Task brief
What's needed is an exact copy of all the data below, without pictures.

Dataset excerpt
BEGIN
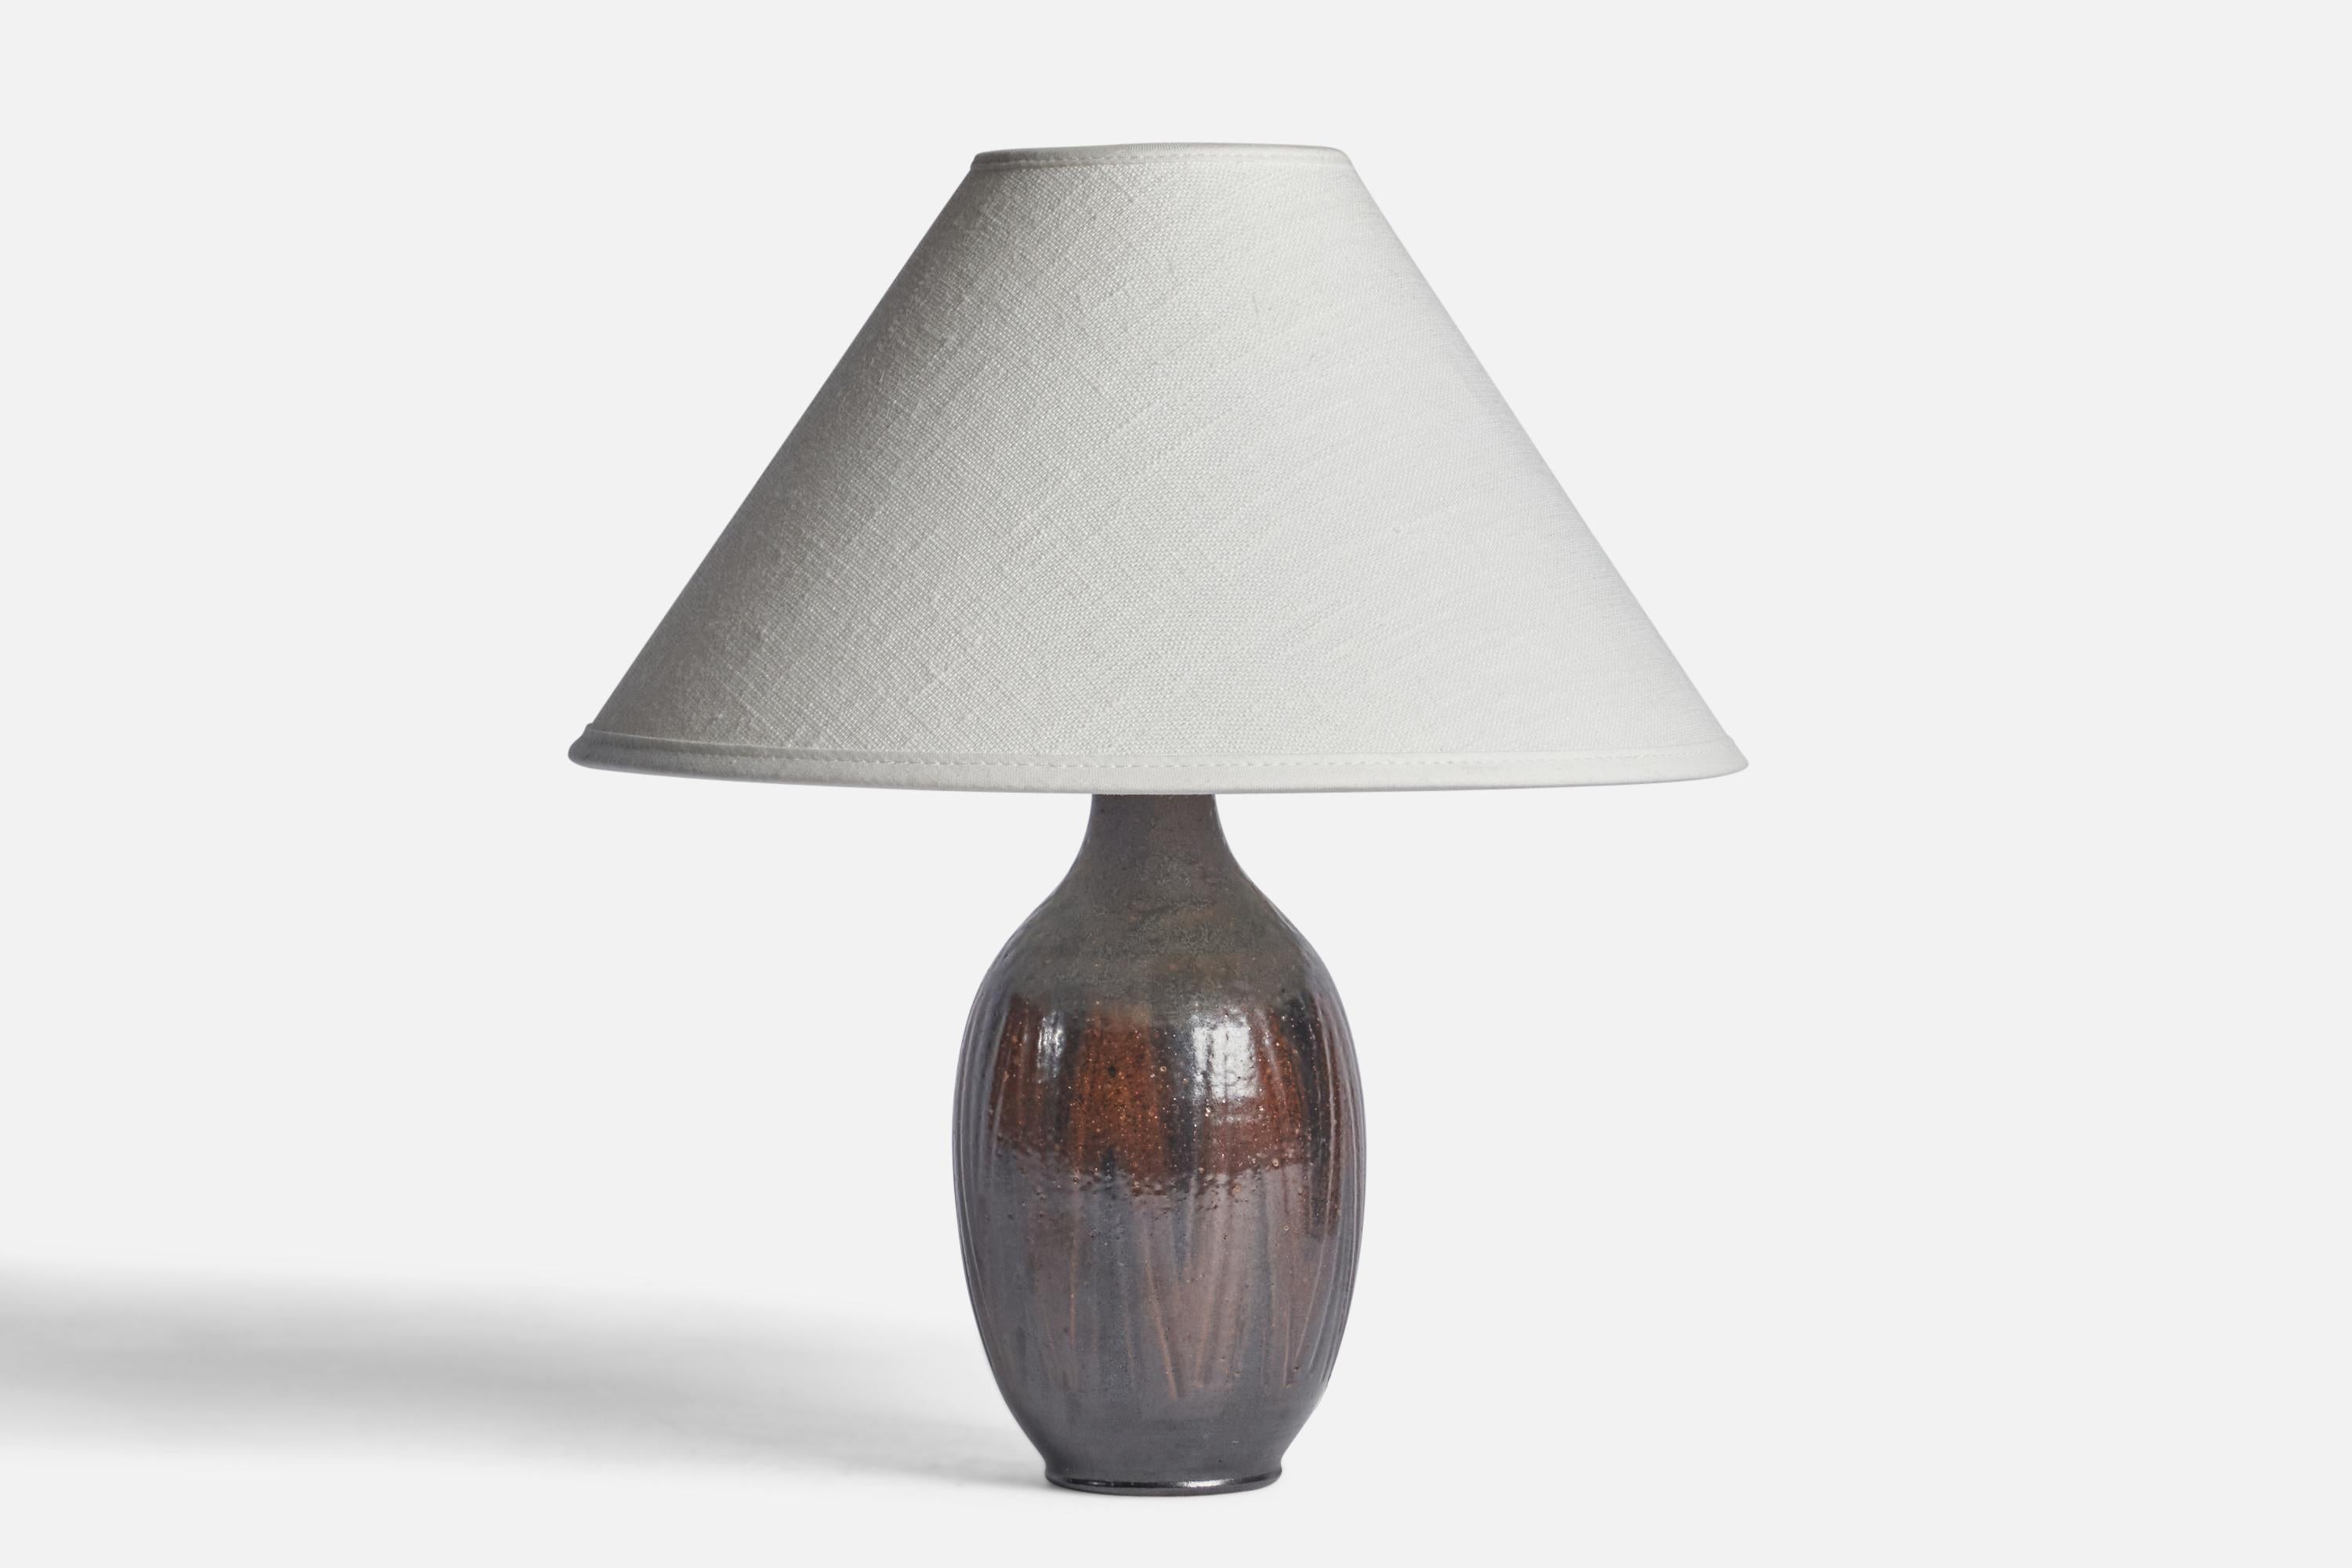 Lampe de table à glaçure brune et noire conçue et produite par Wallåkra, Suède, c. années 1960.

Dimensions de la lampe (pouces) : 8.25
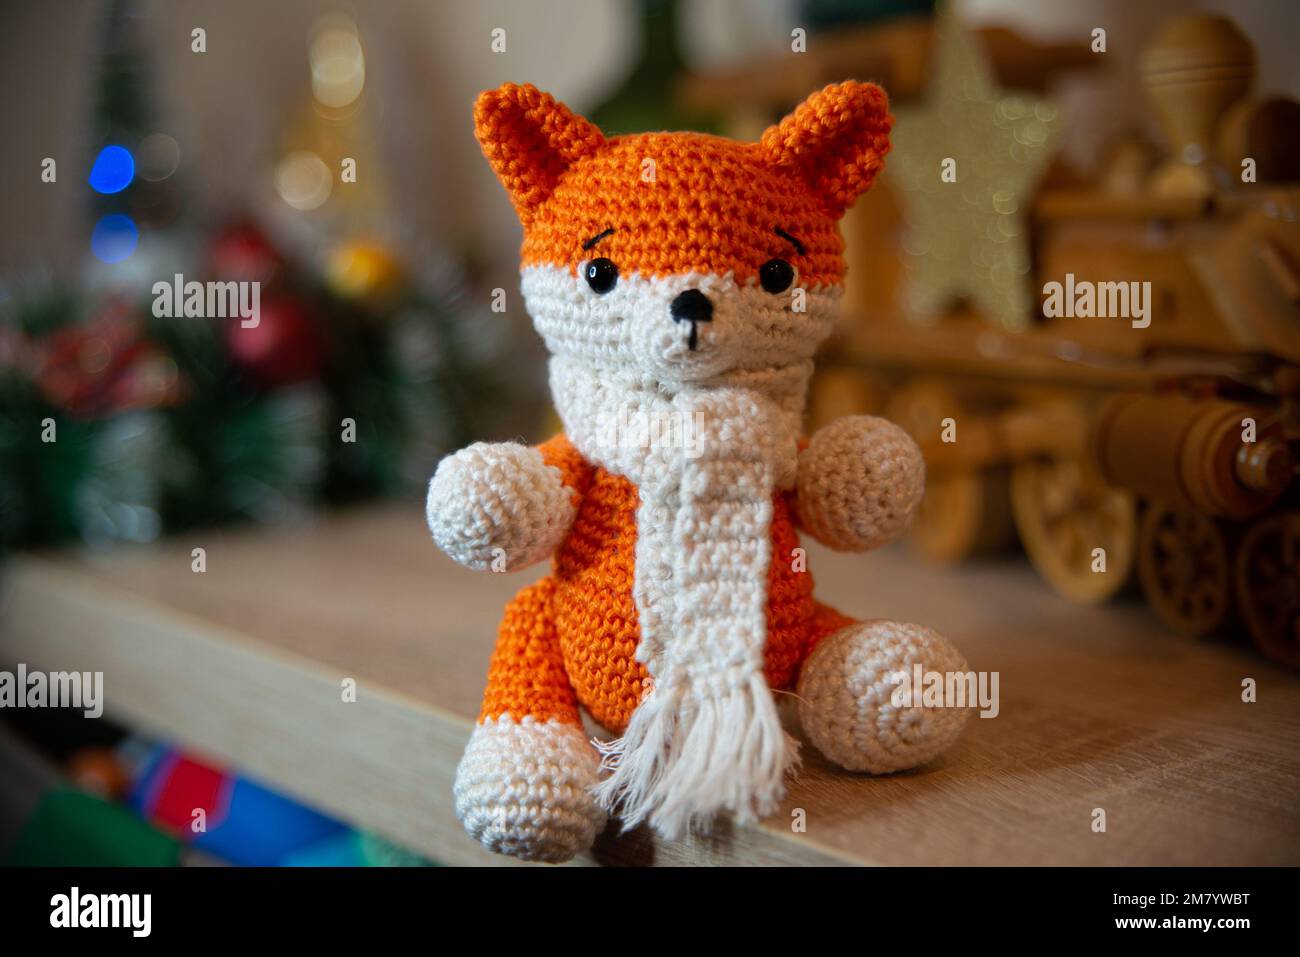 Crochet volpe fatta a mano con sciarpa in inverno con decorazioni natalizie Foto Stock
END
Solved problem
 Lampe de table à glaçure brune et noire conçue et produite par Wallåkra, Suède, c. années 1960.

Dimensions de la lampe (pouces) : 8.25
 Crochet volpe fatta a mano con sciarpa in inverno con decorazioni natalizie Foto Stock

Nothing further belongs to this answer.